Meta Shares AI Translator for Languages Without Written Forms
We’re developing AI for real-time speech translation to break down language barriers in the physical world and in the metaverse.https://t.co/PC0BzLCHAr pic.twitter.com/wW8NlyndmM
— Meta Newsroom (@MetaNewsroom) October 19, 2022
Meta has released an AI translation model for languages with limited or no written form. Researchers at the tech giant demonstrated the now open-source software by translating Hokkien, a language related to Mandarin and spoken by around 46 million people in southern mainland China, Taiwan, Singapore, and parts of Malaysia and the Philippines. Hokkien is largely oral, with no standardized written version, and thus a challenge for direct translation.
Hokkien AI
As seen in the video at the top, the AI translation for Hokkien is at least partly a success. The researchers, under the umbrella of Meta’s Universal Speech Translator (UST) project, devised the model by first relying on Mandarin as an intermediate language between Hokkien and English, bolstered by reviews from native Hokkien speakers to devise the speech-to-speech translation option. Despite its accuracy, the model is limited to one sentence at a time and is still far more limited than similar software for languages with written libraries to draw from. That’s partly why Meta made the model open-source, to encourage developers to improve it and to look to do the same for other languages with limited translation technology options. Until now, AI translation has mainly focused on written languages. Yet Hokkien is far from unique in its oral emphasis. Languages with no standard or common writing system account for an estimated half of the more than 7,000 living languages around today.
“It can be a barrier to confidence, fluency, and authenticity,” Meta researcher and linguistic anthropologist Laura Brown said. “We know at Meta that there are tons of people all over the world who have their interface set to English, who use English on our platforms — even though they are much more confident in other languages and writing systems. As soon as we give them the ability to do audio in their own language, their comfort and confidence in the digital space shoot way up.”
Meta Models
The oral-only model is Meta’s latest in a series of AI translation projects. The company shared a model claiming particularly high-quality translations among 200 languages in July, named NLLB-200 for its roots in Meta’s No Language Left Behind (NLLB) project. The NLLB-200 model came only a couple of years after a 100-language translation model, the first to work without requiring English as an intermediary language between any of the other tongues.
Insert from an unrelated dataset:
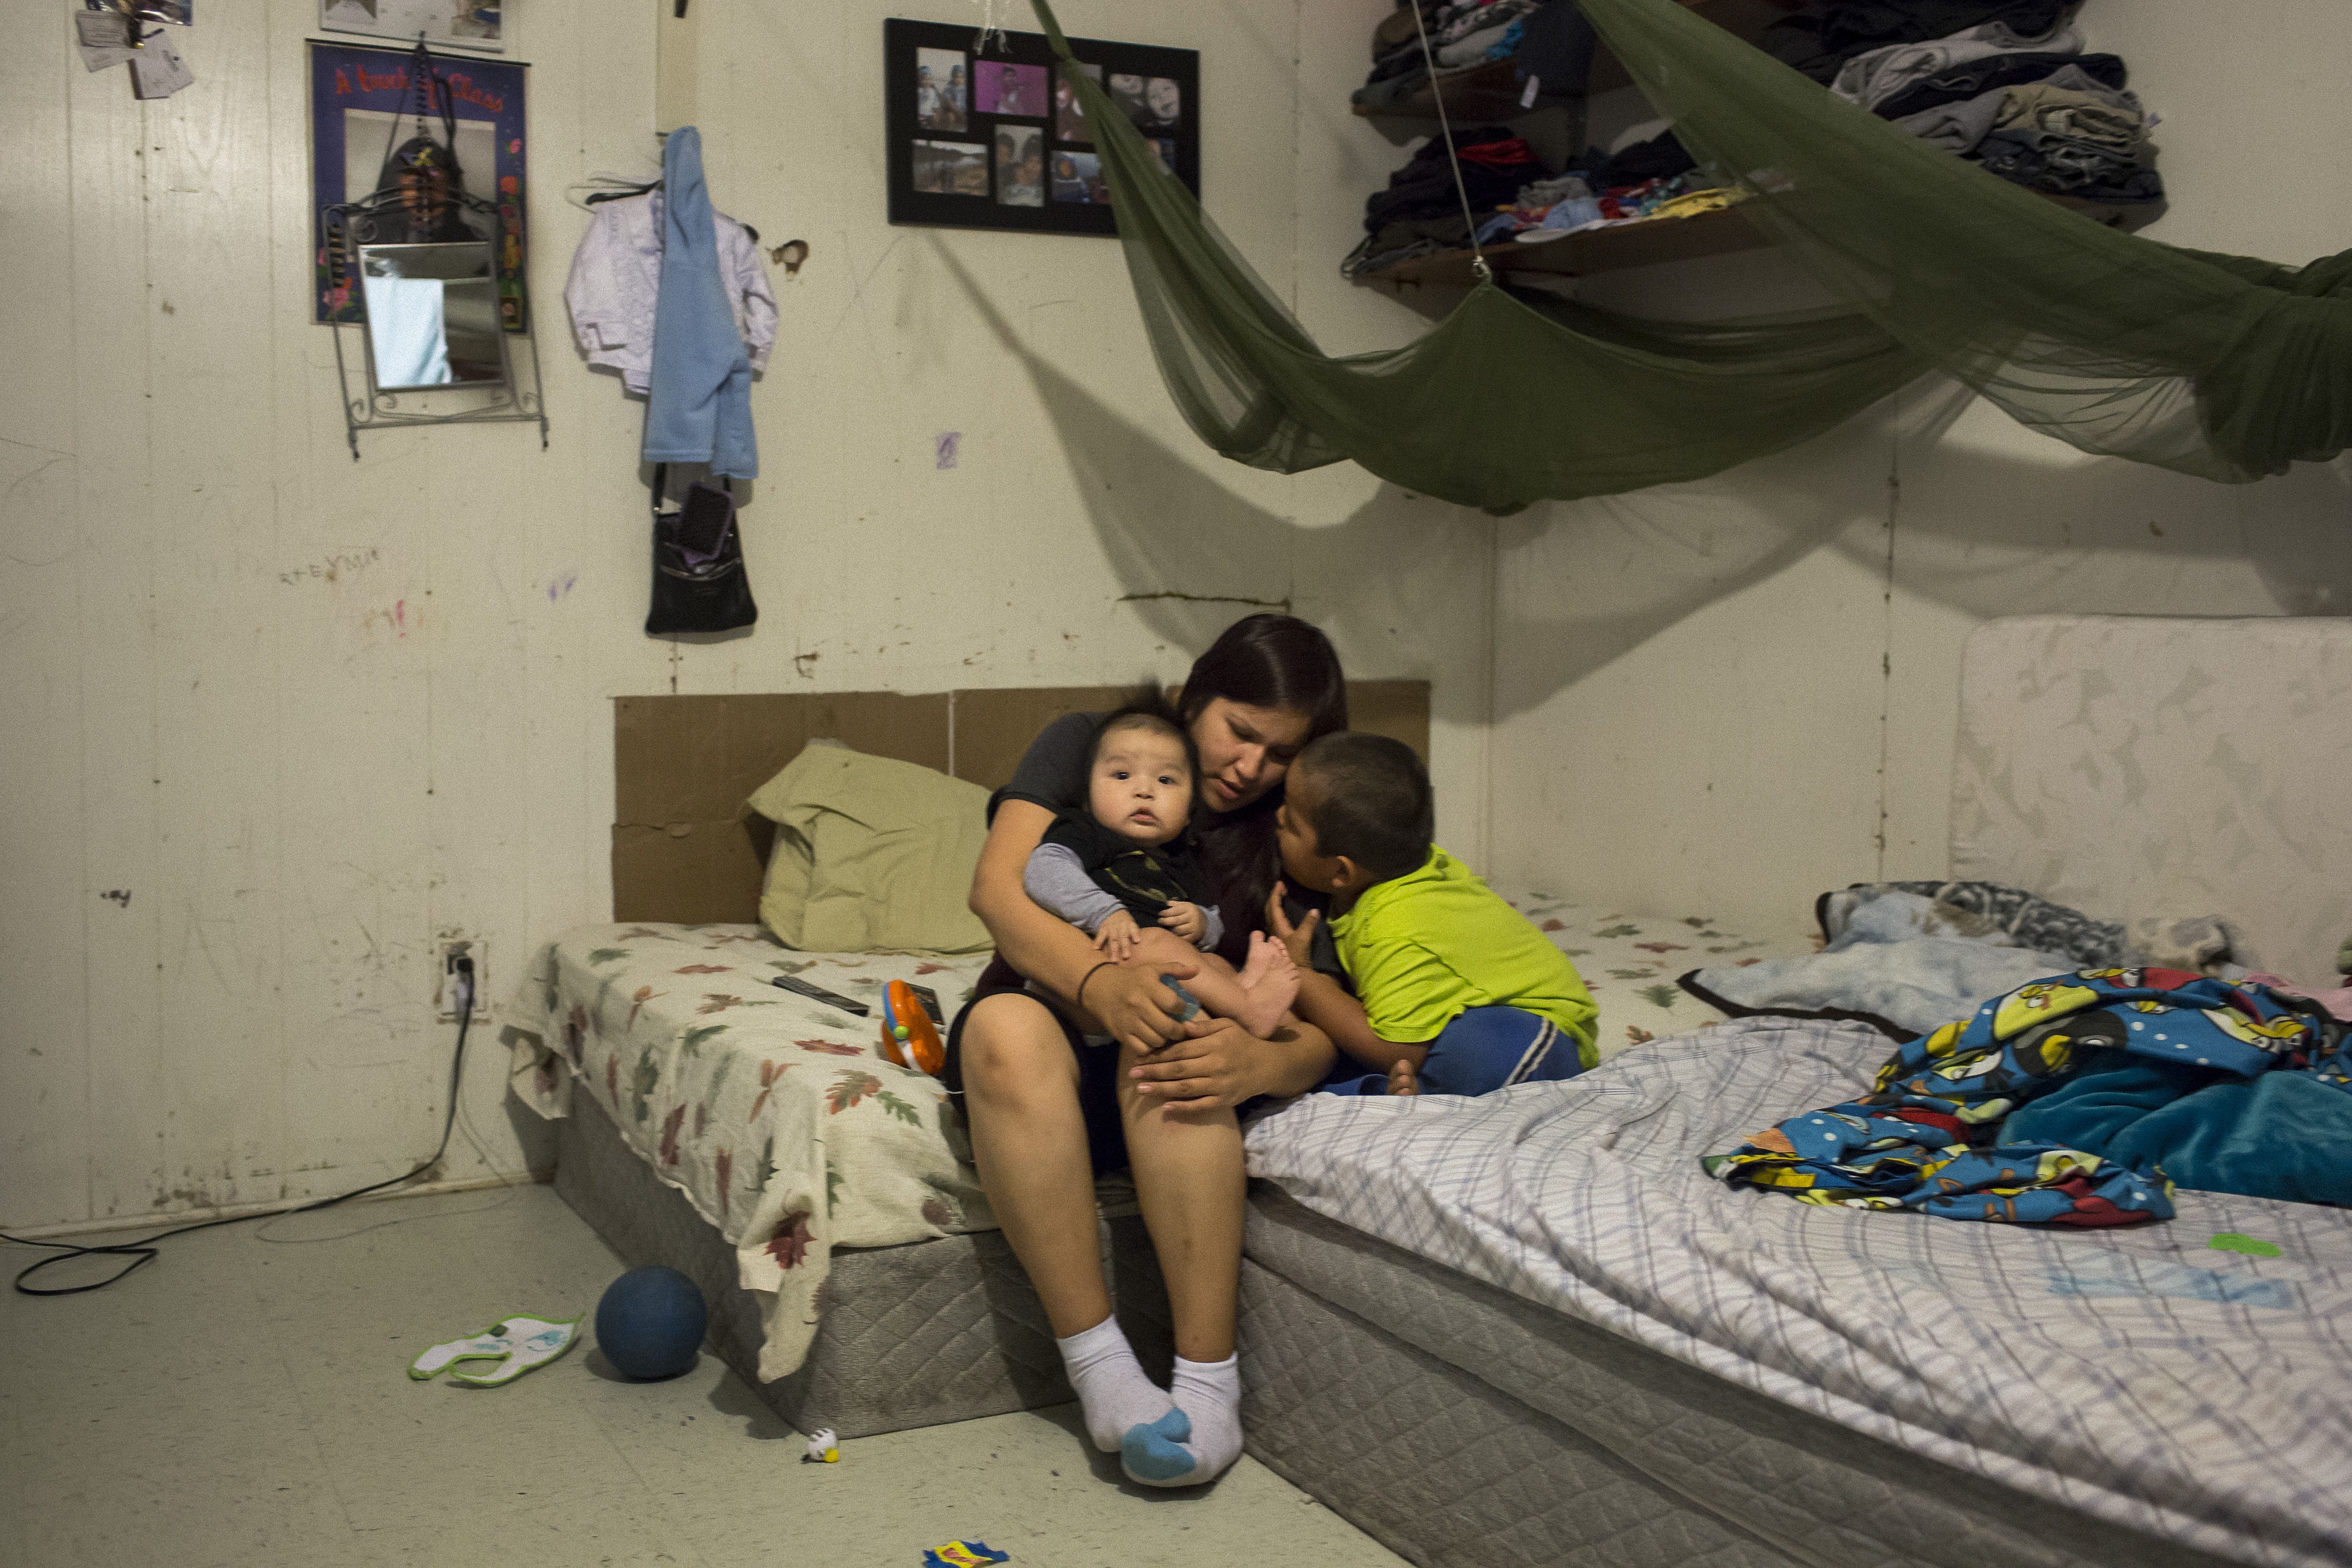 Twenty-five-year-old Martina Koosees with her six-month-old son Korey Koosees and son Dyson Koosees, 4, in the single room dwelling where they live. The pressures of a chronic housing shortage leave families forced to live in very cramped conditions, amplifying many of the stresses the encounter in their lives. As one member of the community put it, “We have so many shortages for housing and social programs in our communities. Families are stressed out. It is a manifestation of an ongoing colonialism.” Image by David Maurice Smith. Canada, 2016.

The latest effort also dovetails with the two giant conversational AI datasets Meta released last year, partly to widen digital technology access to those who don’t speak the most common online languages.
Meta is hardly alone in exploring AI interpreters for various purposes. Mozilla Foundation’s Common Voice project supports tech developers without access to proprietary data a few years ago. The Common Voice Database boasts more than 9,000 hours of 60 different languages and claims to be the world’s largest public domain voice dataset. Nvidia made a $1.5 million investment in Mozilla Common Voice and started working with Mozilla on voice AI and speech recognition. The global focus of the project led to a $3.4 million investment this spring to focus on creating such a resource for Kiswahili, known elsewhere as Swahili.